Obama accuses Trump of exploiting fears of working class
U.S. President Barack Obama accused Republican front-runner Donald Trump of exploiting the fears and anxiety among the working class, in a National Public Radio interview Monday.

Citing economic stresses caused by the financial crisis of 2008, the increased reliance on new technology, globalization, and stagnant income as well as the changing demography of the nation, Obama said: "Mr. Trump is taking advantage of that. That's what he's exploiting during the course of his campaign.”

During a campaign speech at Iowa on Saturday, Trump, who is running for the Republican presidential nomination, told the crowd that tough times were ahead for the U.S. economy.

The Republican front-runner said "the [economic] bubble” was to burst soon but added he preferred it to happen on Obama's watch.

Trump has been critical of the Obama administration's Trans-Pacific Partnership agreement with Pacific Rim nations, which the real estate mogul describes as a "deal that was designed for China to come in, as they always do, through the backdoor and totally take advantage of everyone".

He has promised his supporters to bring back American jobs lost to China and other countries where the American companies benefit from low costs of labor force.

He has lambasted the Obama administration's immigration policy which aims to open a way to citizenship for more than 11 million undocumented immigrants in the country.
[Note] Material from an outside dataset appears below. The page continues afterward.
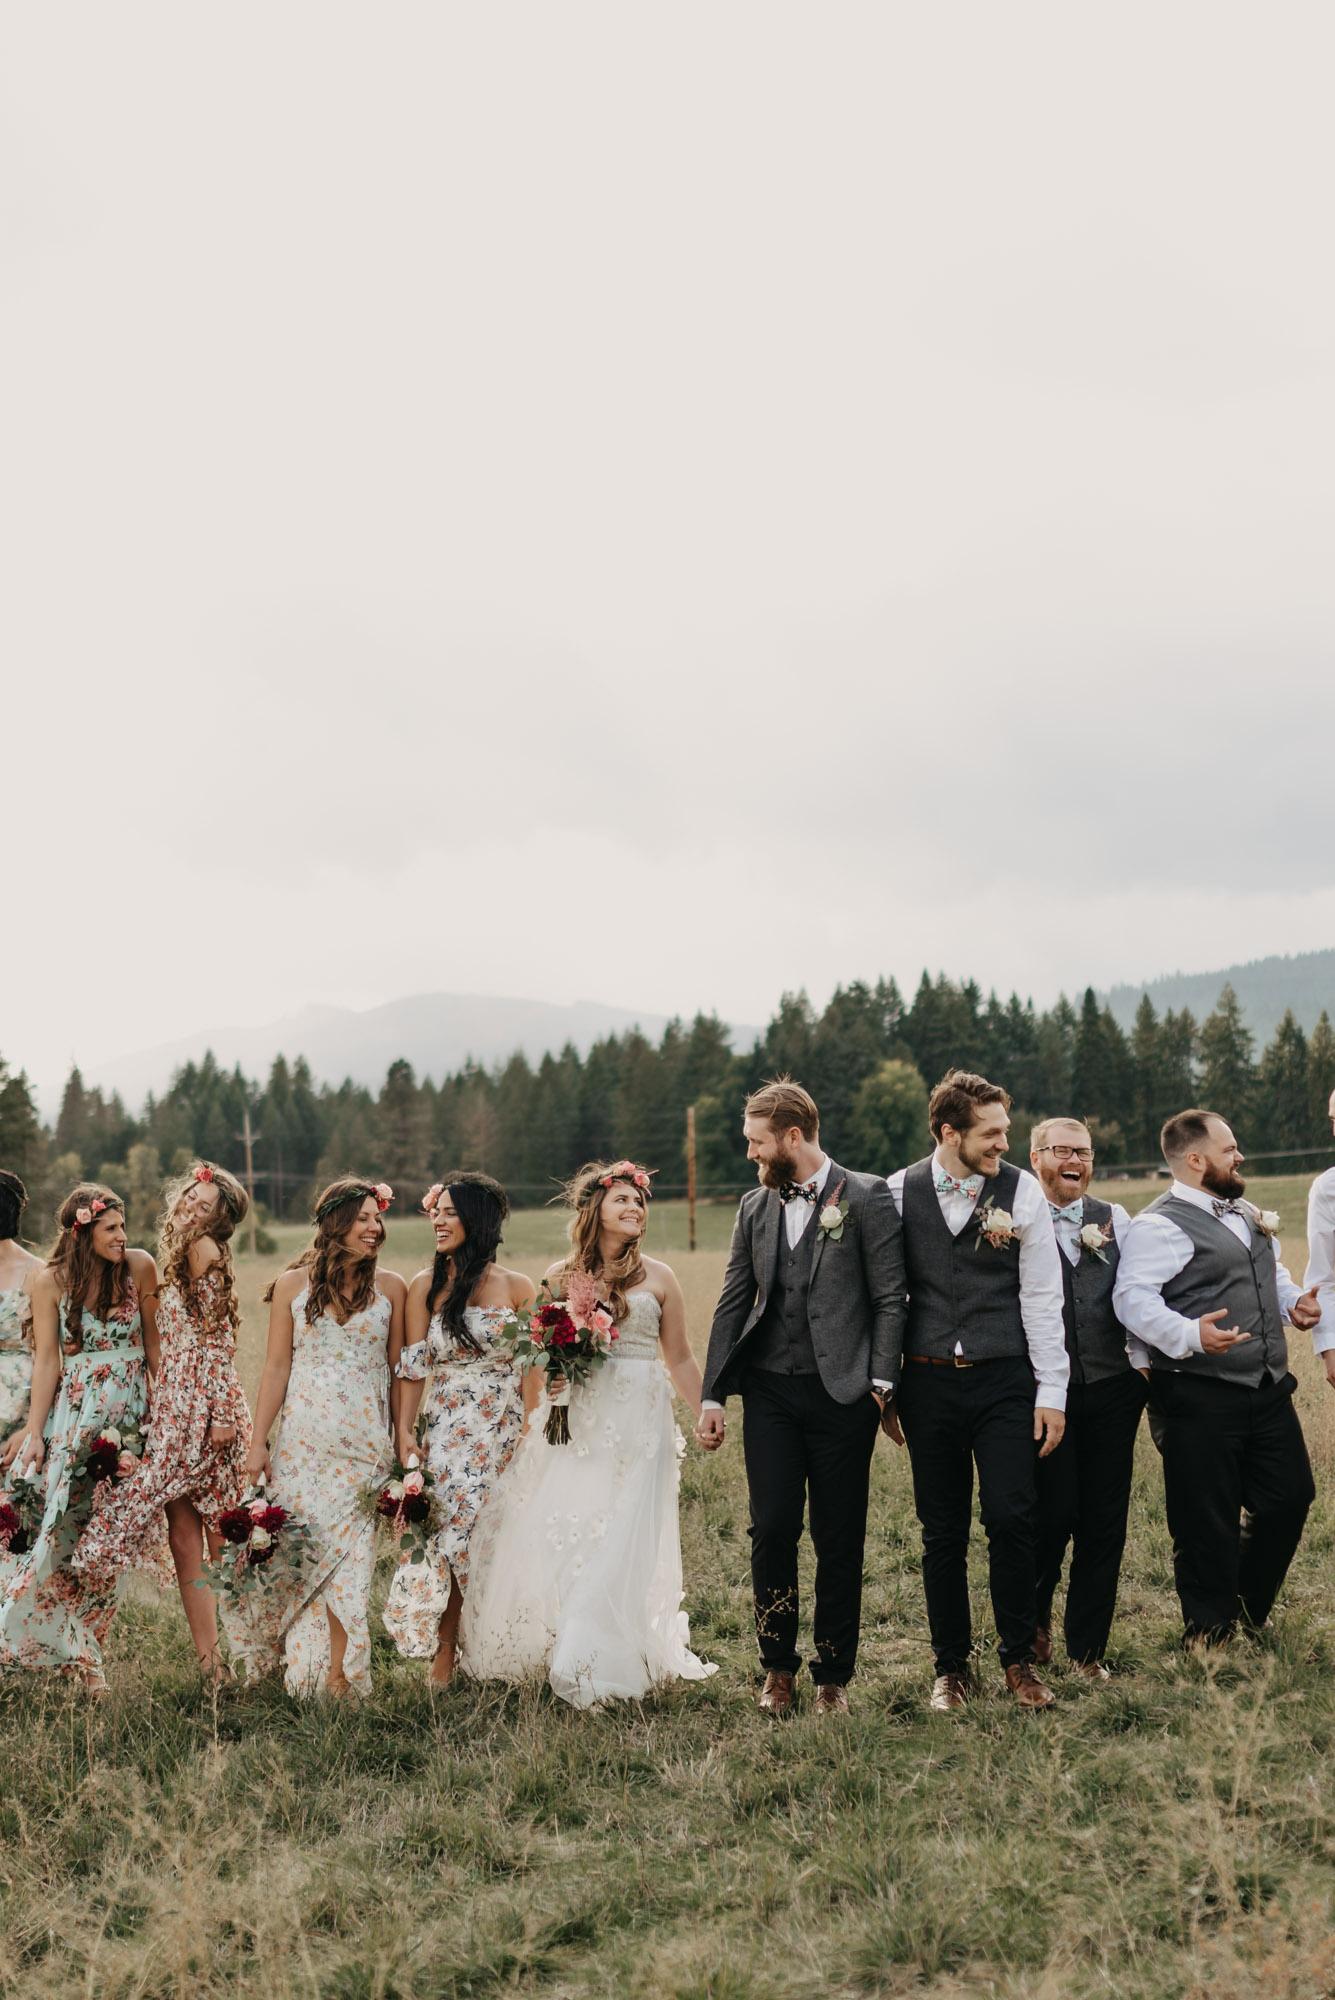 Bridal-Party-Free-People-Flower-Dresses-Washington-Wedding-8626.jpg

Trump proposes the massive deportation all 11 million from the U.S.

Trump has also called for a complete ban on Muslims entering the U.S. in the wake of the San Bernadino attack in which 14 people were killed by two suspected Daesh sympathizers.

Obama, during the radio interview, also defended his anti-Daesh strategy and noted the U.S.-led coalition’s success against the terror group.
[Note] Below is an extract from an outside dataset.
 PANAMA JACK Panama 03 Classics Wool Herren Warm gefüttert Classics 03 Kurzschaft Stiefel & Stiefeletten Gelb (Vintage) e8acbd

Obama noted that many of his critics suggested "bombing more, or being less discriminant”.

"I make no apologies for us wanting to do this appropriately and in a way that is consistent with American values,” he added.

He acknowledged the worries of American people but urged that people should keep things in perspective.

He said that Daesh cannot destroy the U.S. nor poses a risk to the country as a "huge industrial power".

"So if people haven't seen the fact that in fact 9,000 strikes have been carried out against ISIL [Daesh], if they don't know that towns like Sinjar that were controlled by ISIL have been taken back, or that a town like Tikrit, that was controlled by ISIL, now has been repopulated by previous residents, then they might feel as if there is not enough of a response," he added.

The president also suggested that Daesh should at the same time be taken seriously because of domestic shootings which might be inspired by the militant group.